I am looking to make a few and do not have any experience with them. I have used regular floats with steel traps with sucess, just wondering if any one who may have used the floating colony sets has any pointers. I understand the 8" x 8" x 36" is the max size allowed. Would the underwater cage have to abide that law as long as the above water size was within legal limits?


----------



## Seaarkshooter (Nov 5, 2009)

maurob said:


> I am looking to make a few and do not have any experience with them. I have used regular floats with steel traps with sucess, just wondering if any one who may have used the floating colony sets has any pointers. I understand the 8" x 8" x 36" is the max size allowed. Would the underwater cage have to abide that law as long as the above water size was within legal limits?

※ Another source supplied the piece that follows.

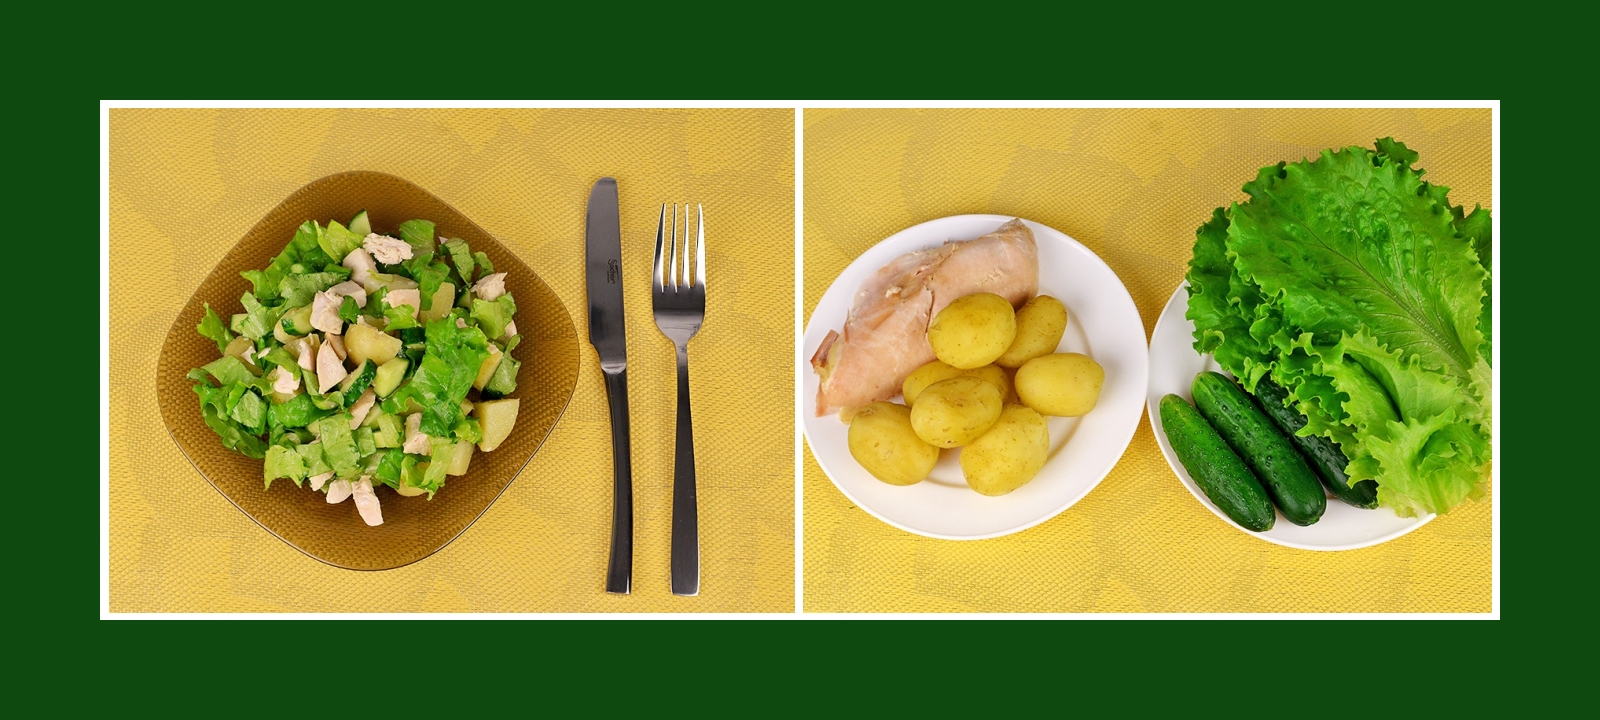 Zarter Kartoffelsalat mit Hähnchenbrustfilet, Gurken und knusprigen Salatblättern

Fur harvester rules state: It is unlawfully to...

Use a multiple catch or colony trap except for taking muskrats, provided the trap is completely submerged. Colony traps must be constructed of steel and be no larger than eight inches high, eight inches wide and 36 inches deep. (Nuisance control operators MAY use colony traps for muskrats and other species.) 

I am not sure I understand what you mean by above water size.

So, if you are asking, "can I use a colony trap emerged from water with my fur harvester's license?" The answer is no.


2014 Ballot: YES for Conservation. No for Out Of State Money!!!


----------



## maurob (May 3, 2013)

I think if I leave the doors off the top portion and make it narrow enough that it would be difficult for them to turn around and walk out, they would use the water exit at the center of the float which would have a one way door to the 8 x 8 submerged cage under the float. I think I will hang a suit feeder filled with apple slices above the hole to entice them. I will check with the LEO before I set to make sure I don't have any suprises when I get checked in season. If it works as intended, I will be sure to update in season with pics. I am sure I am not the first to use something like this and was wondering if any body else had ideas for catching rats in deeper water other than the standard 2 or 4 trap floats that we all use.


----------



## Seaarkshooter (Nov 5, 2009)

Wow. That sounds like quite the muskrat Habitrail system. I would love to see how it's designed and if it works. 

I would think if one was to build a small raft and placed a baited connibear hanging trapeze style below it, one could catch a fair amount of muskrats in the right area. After all, you're basically doing the same thing with tip ups. It wouldn't be a colony trap but it may work fair enough one-on-one to give it a try.

Good luck and don't forget to post pics!
2014 Ballot: YES for Conservation. No for Out Of State Money!!!


----------